• Problem description:
Each line of the data below goes into the copy exactly; pictures do not.

• Data segment:
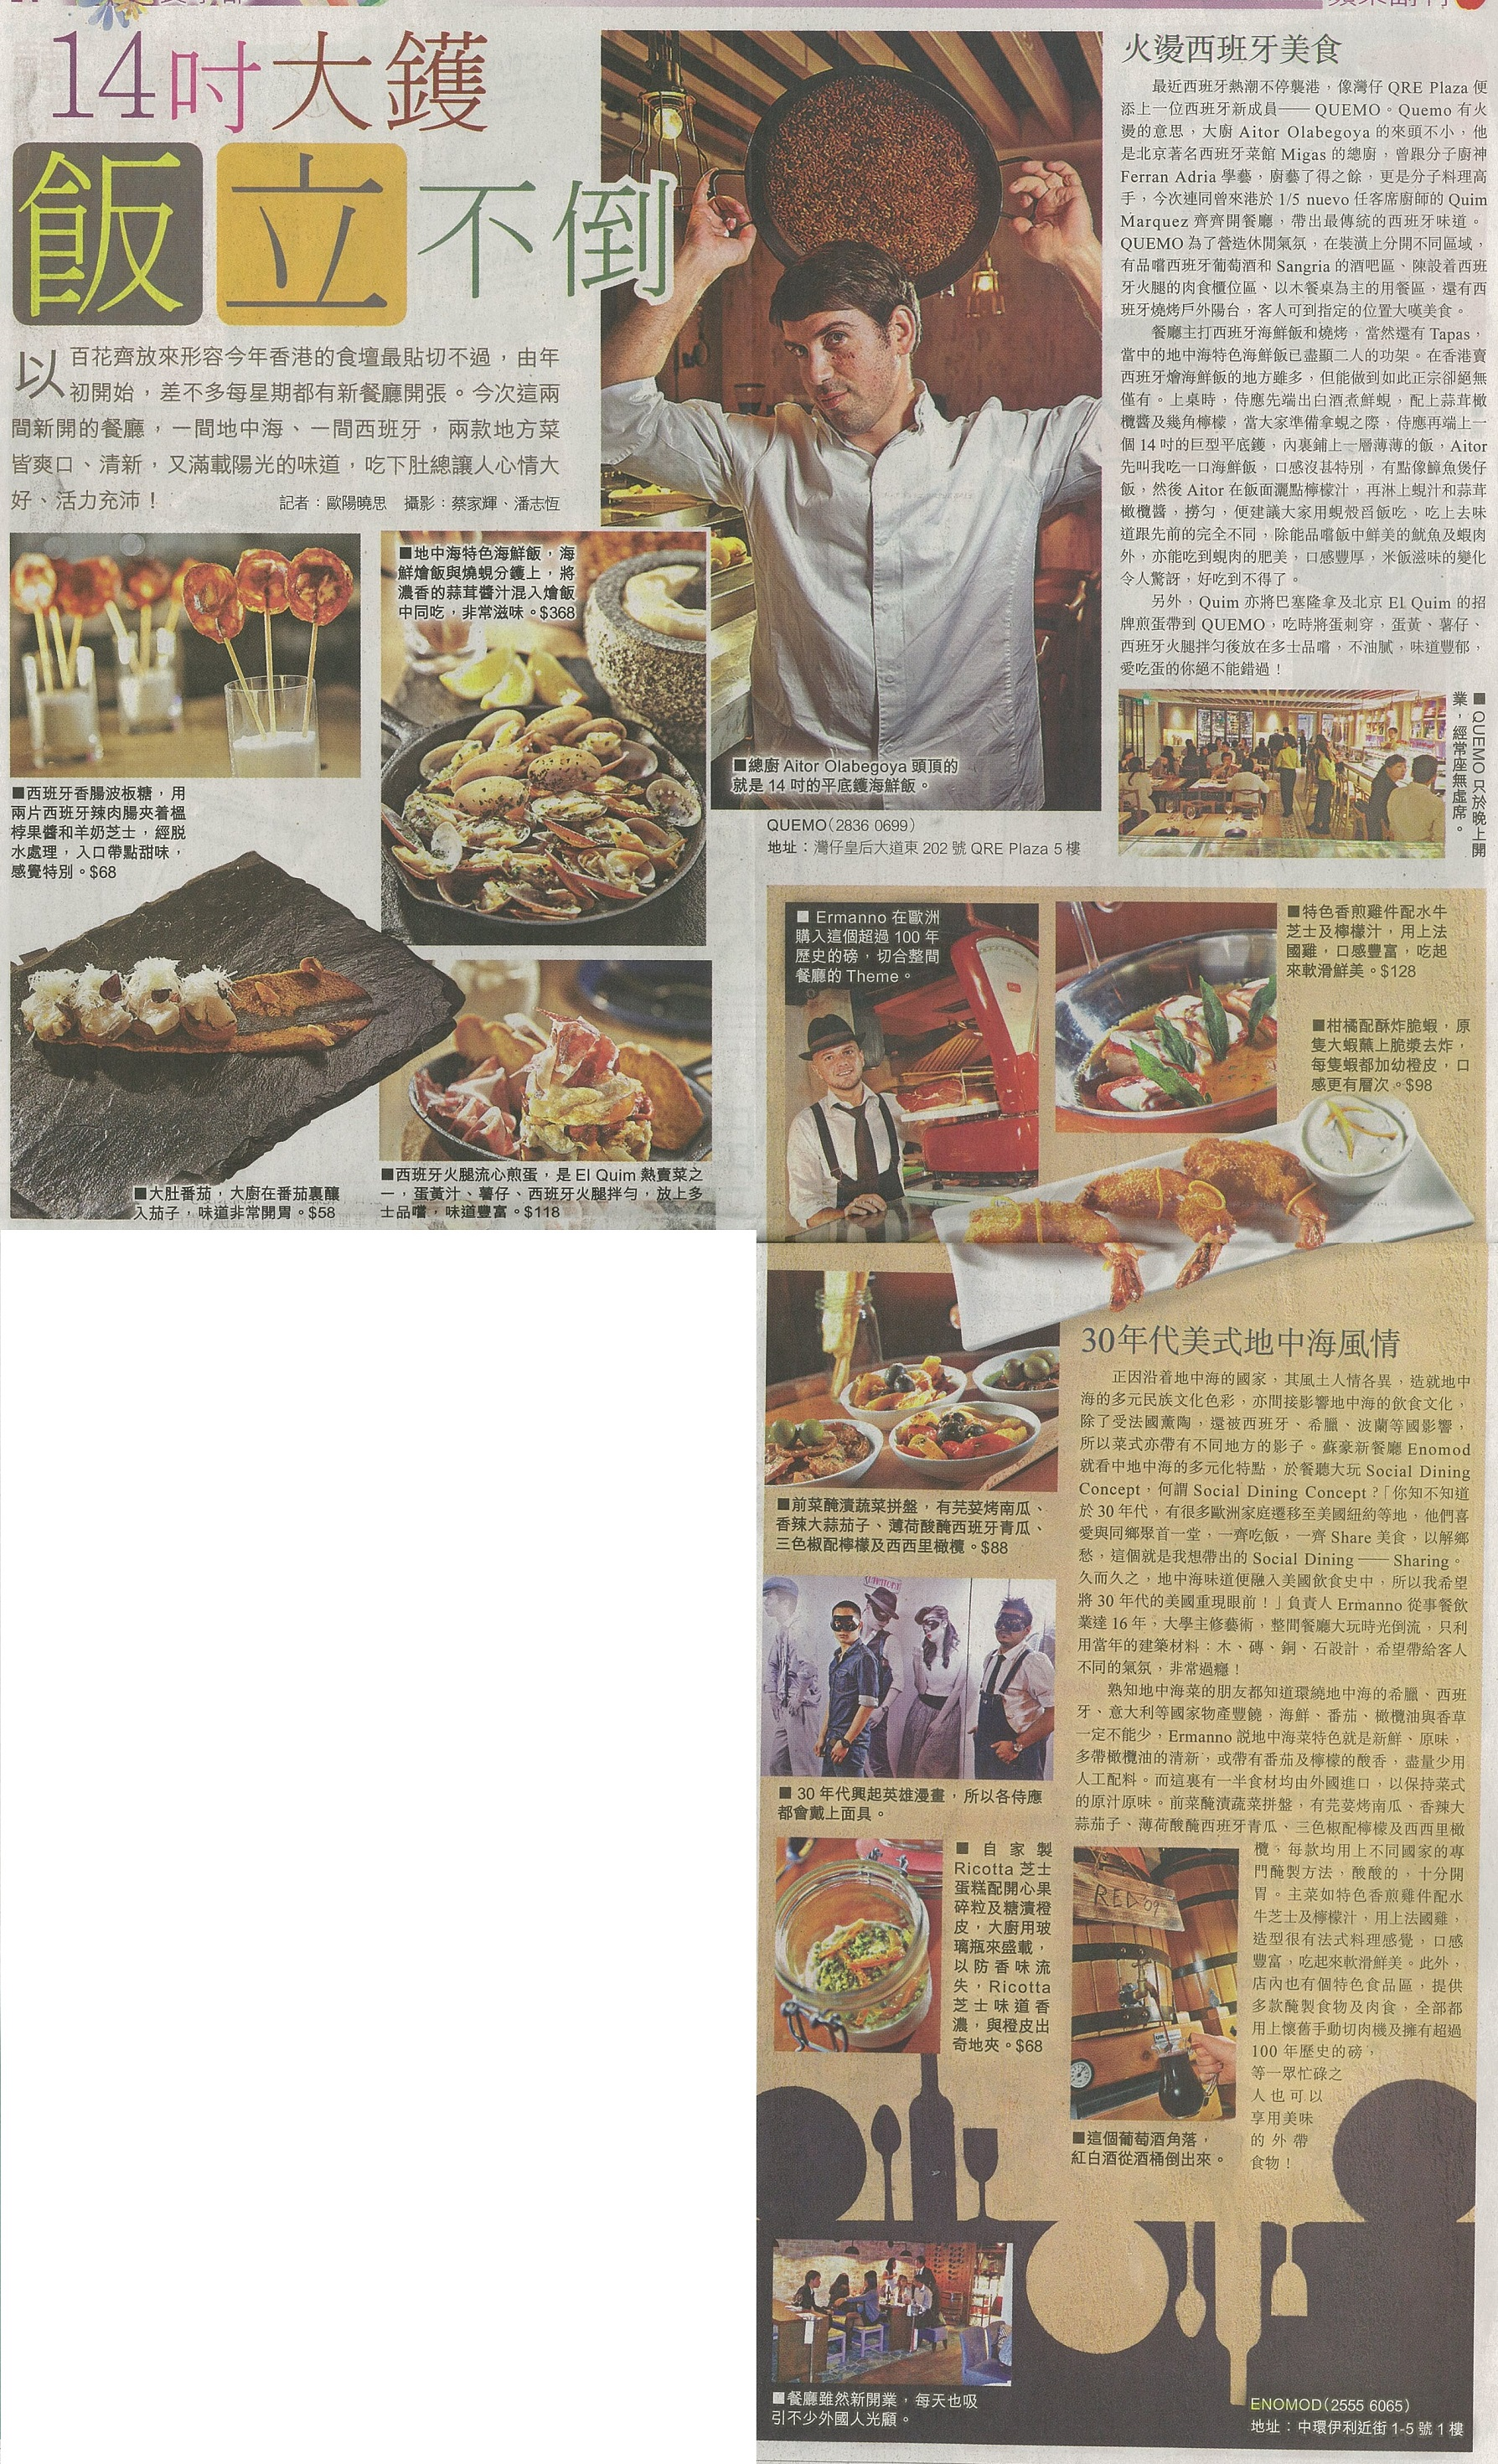 ENOMOD - 21.04 - Apple Daily (E4).jpg
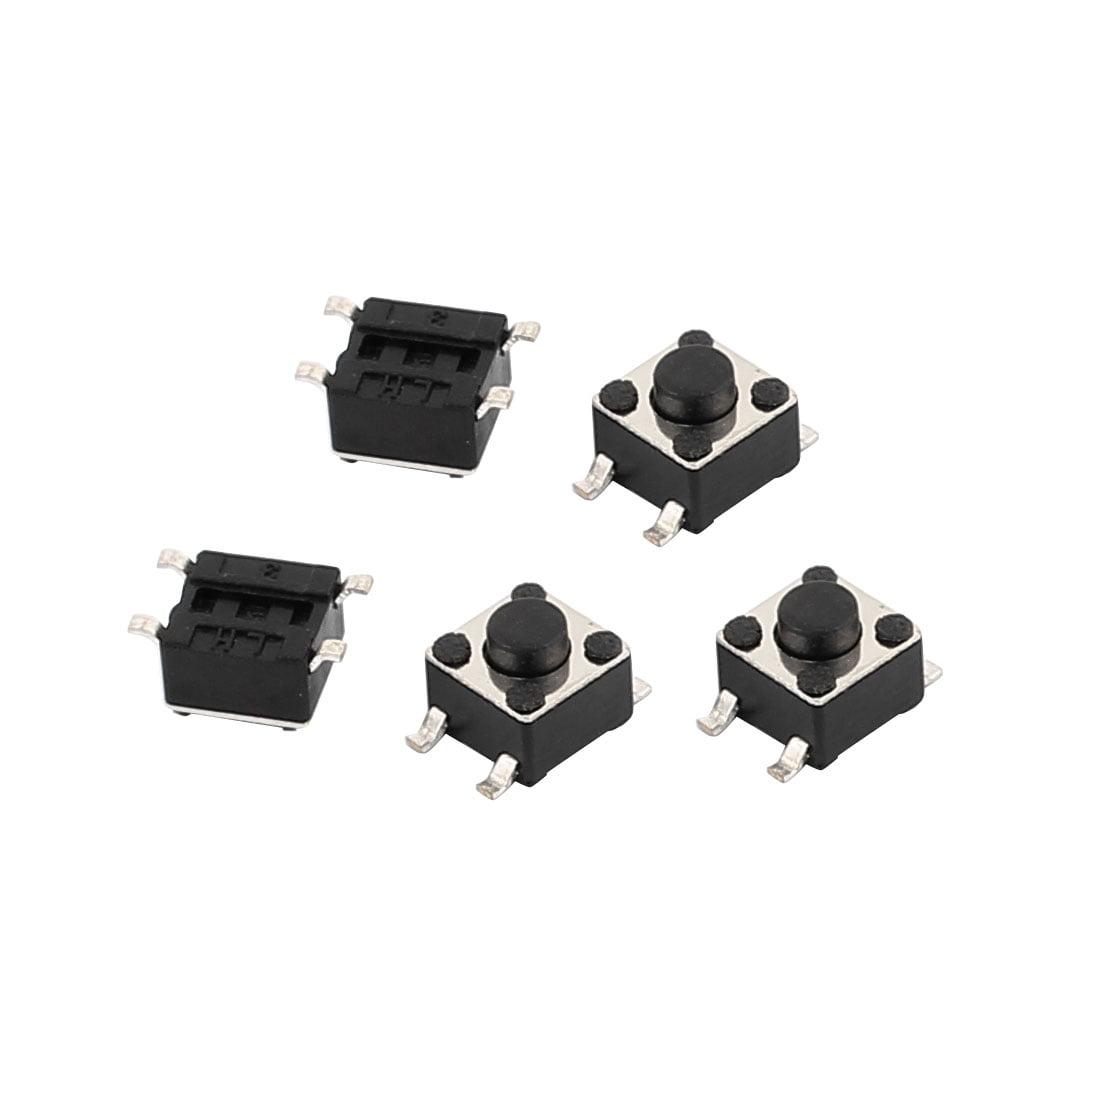 5Pcs 4 P Square 4.5mmx4.5mmx3.8mm Momentary Mini Push Button Switch - image 1 of 1
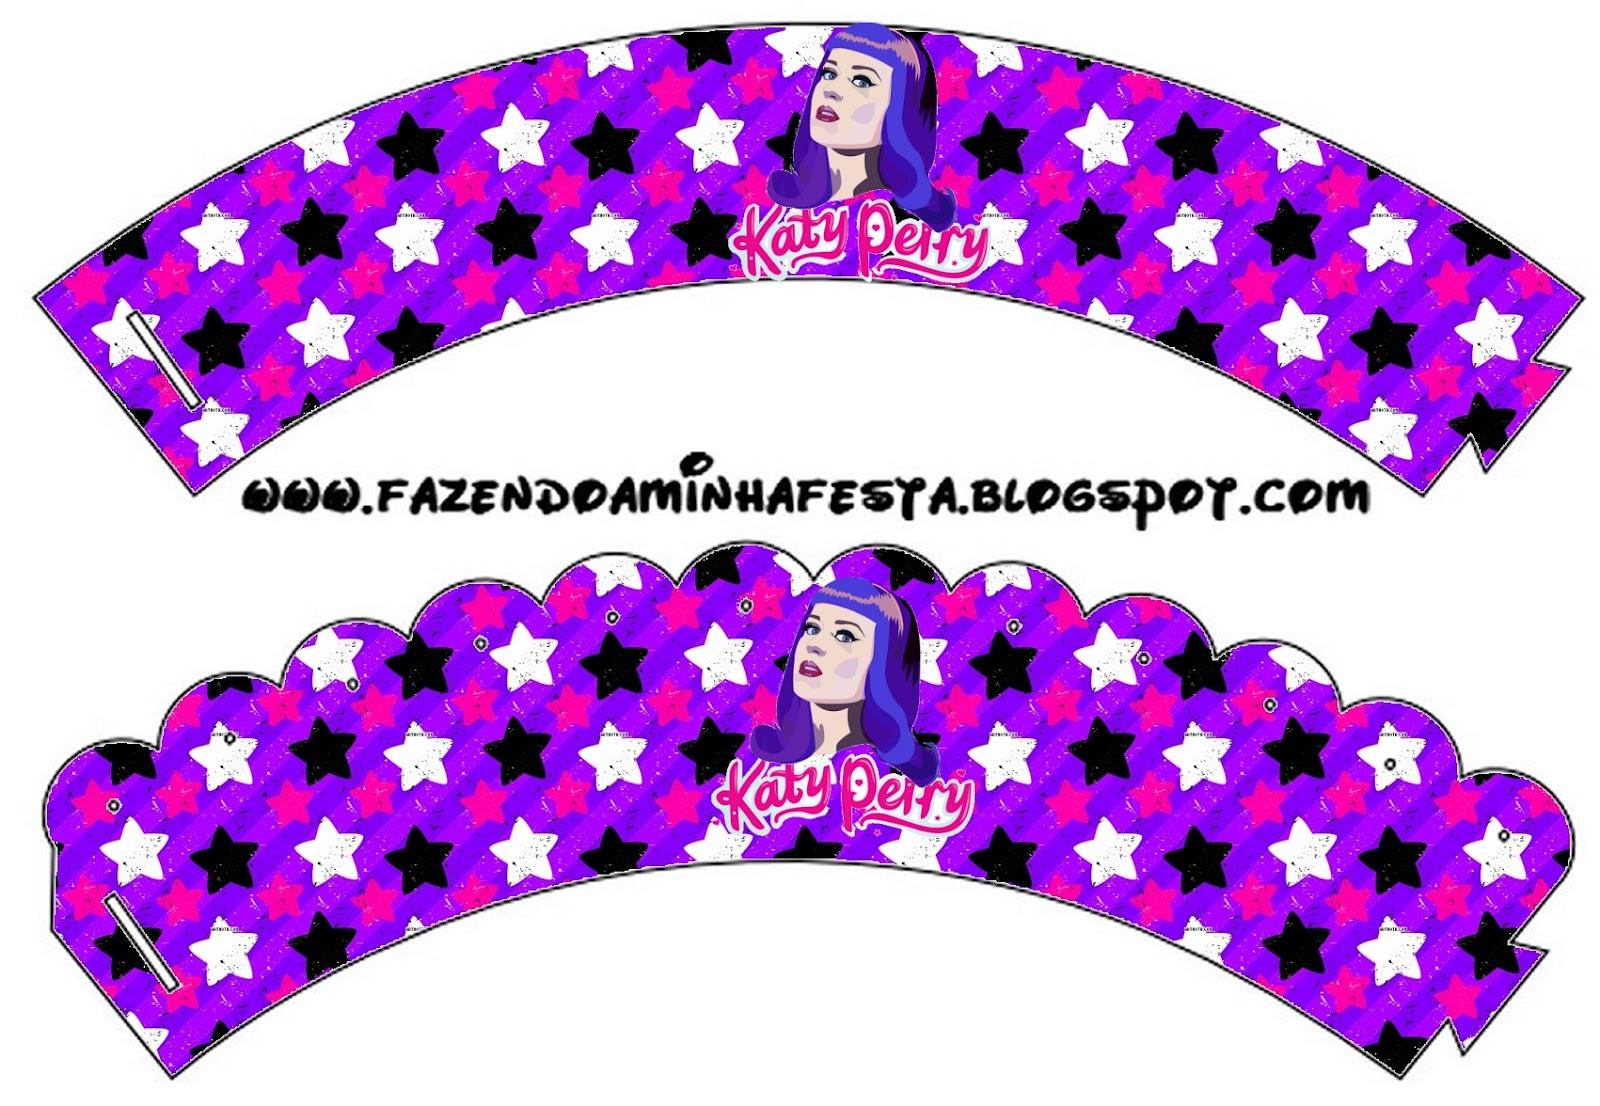 http://2.bp.blogspot.com/-Gq4KIERoCM4/UHDyJubJnfI/AAAAAAABFX0/K26eYbWve68/s1600/8+wrappers+cupcake.jpg

• Solution for this task:
 ENOMOD - 21.04 - Apple Daily (E4).jpg
 5Pcs 4 P Square 4.5mmx4.5mmx3.8mm Momentary Mini Push Button Switch - image 1 of 1
 http://2.bp.blogspot.com/-Gq4KIERoCM4/UHDyJubJnfI/AAAAAAABFX0/K26eYbWve68/s1600/8+wrappers+cupcake.jpg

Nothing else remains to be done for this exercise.